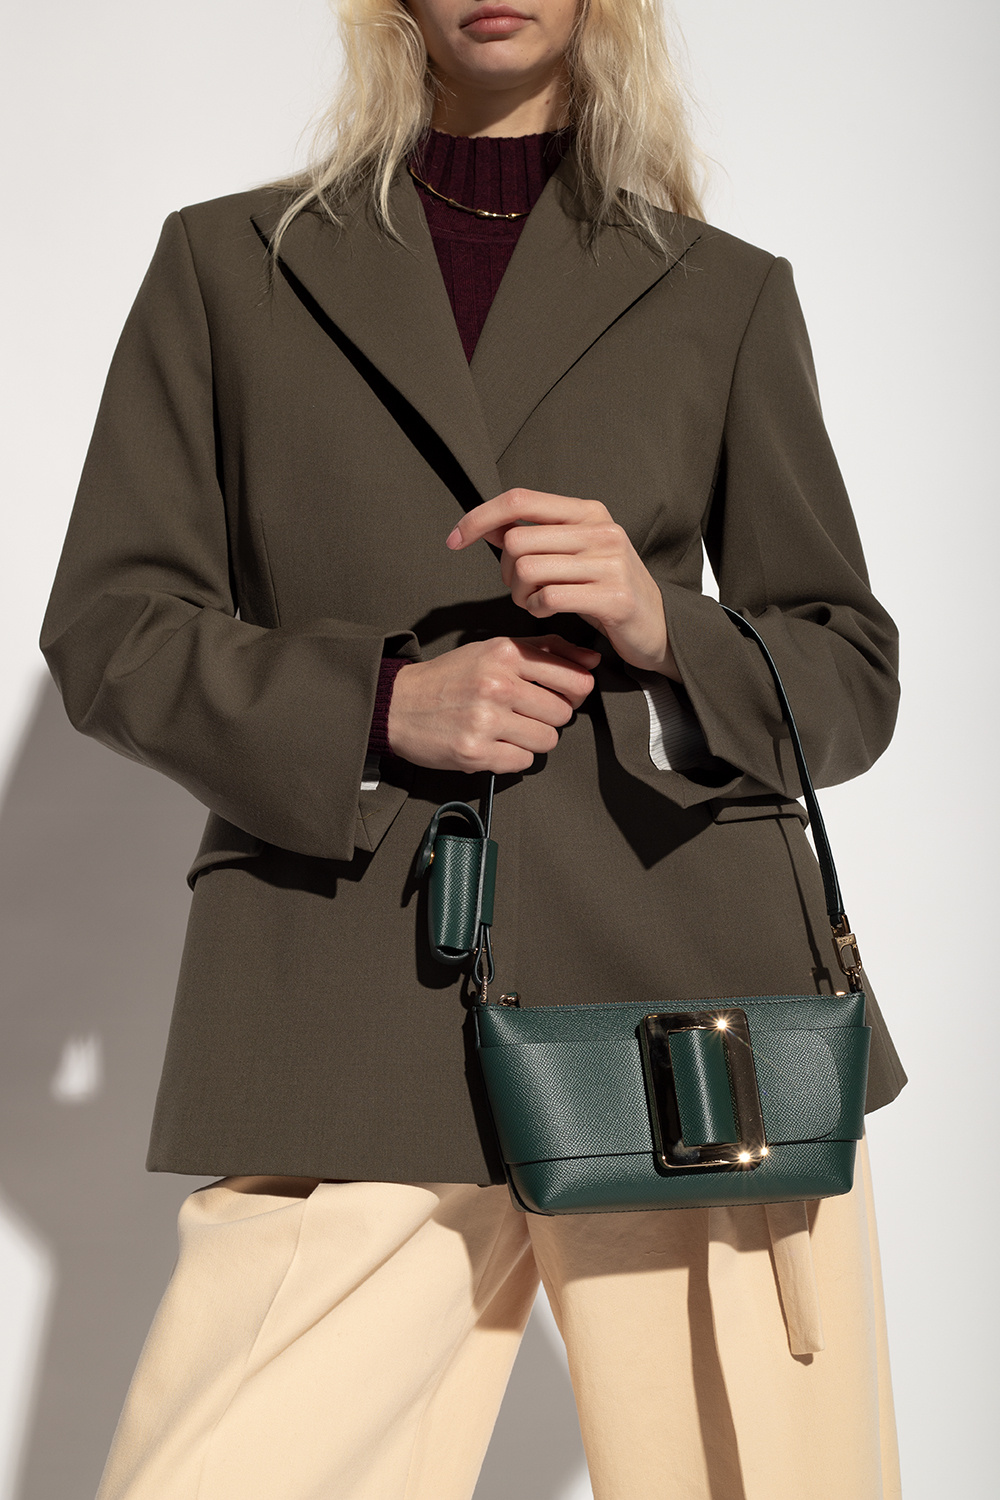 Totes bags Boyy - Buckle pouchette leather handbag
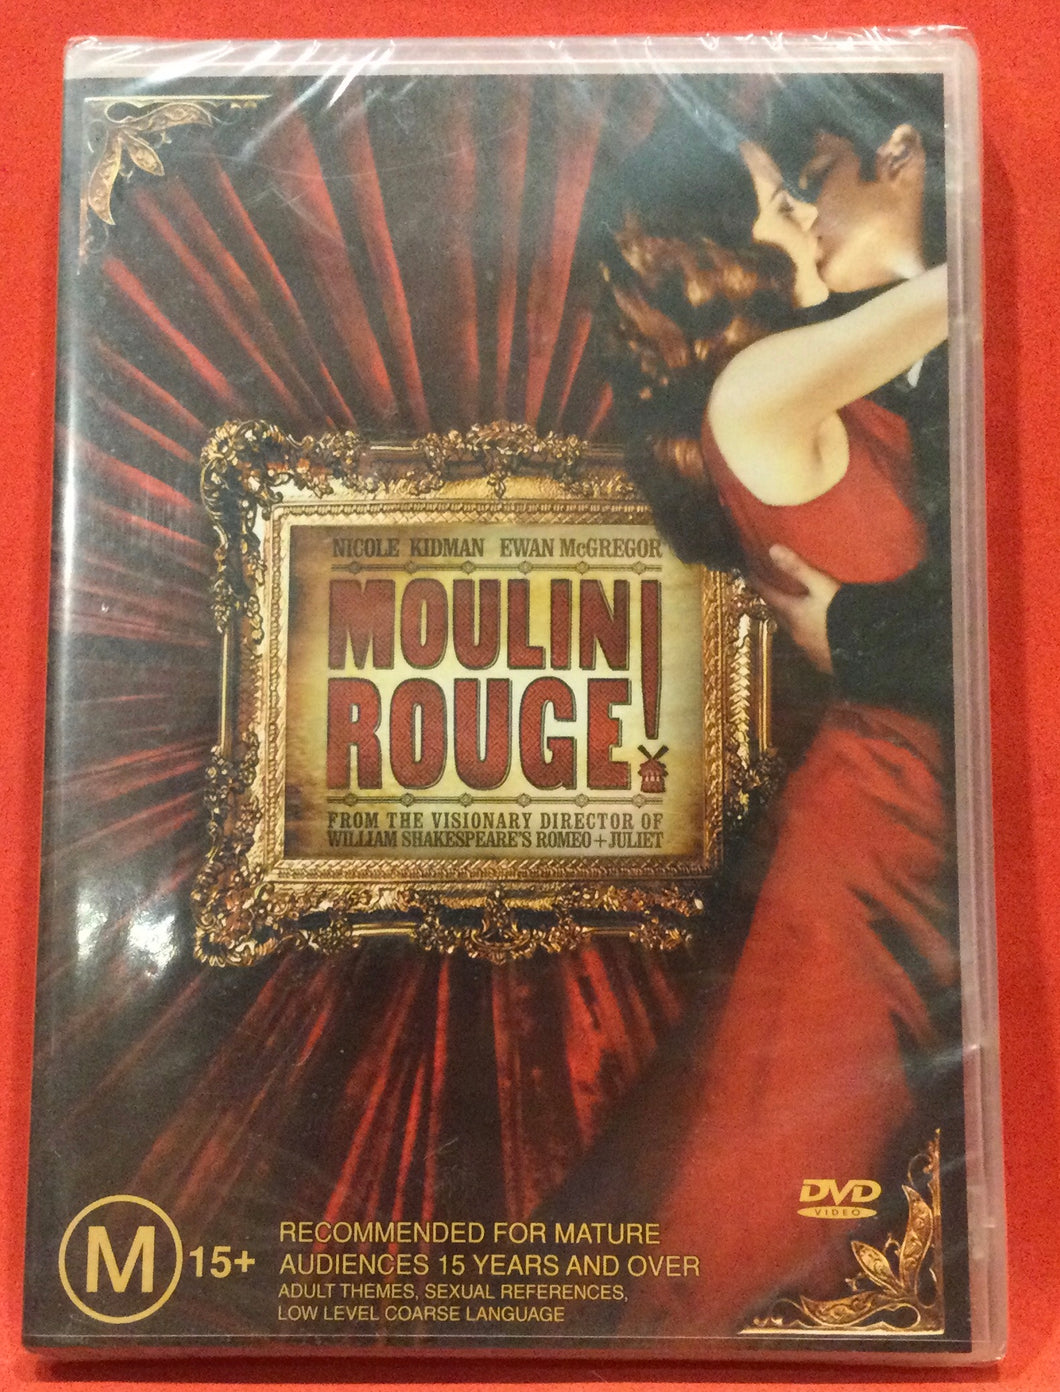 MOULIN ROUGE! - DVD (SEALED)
=-=-=
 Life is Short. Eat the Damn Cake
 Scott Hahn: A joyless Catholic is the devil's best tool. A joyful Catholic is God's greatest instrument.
=-=-=
## EXERCISE PROMPT
Each line above that falls between the line with "Totes bags Boyy" and the line with "MOULIN ROUGE! - DVD (SEALED)" should be printed exactly, together with those two lines, but the pictures should not.

## RESPONSE TO THIS TASK
 Totes bags Boyy - Buckle pouchette leather handbag
 MOULIN ROUGE! - DVD (SEALED)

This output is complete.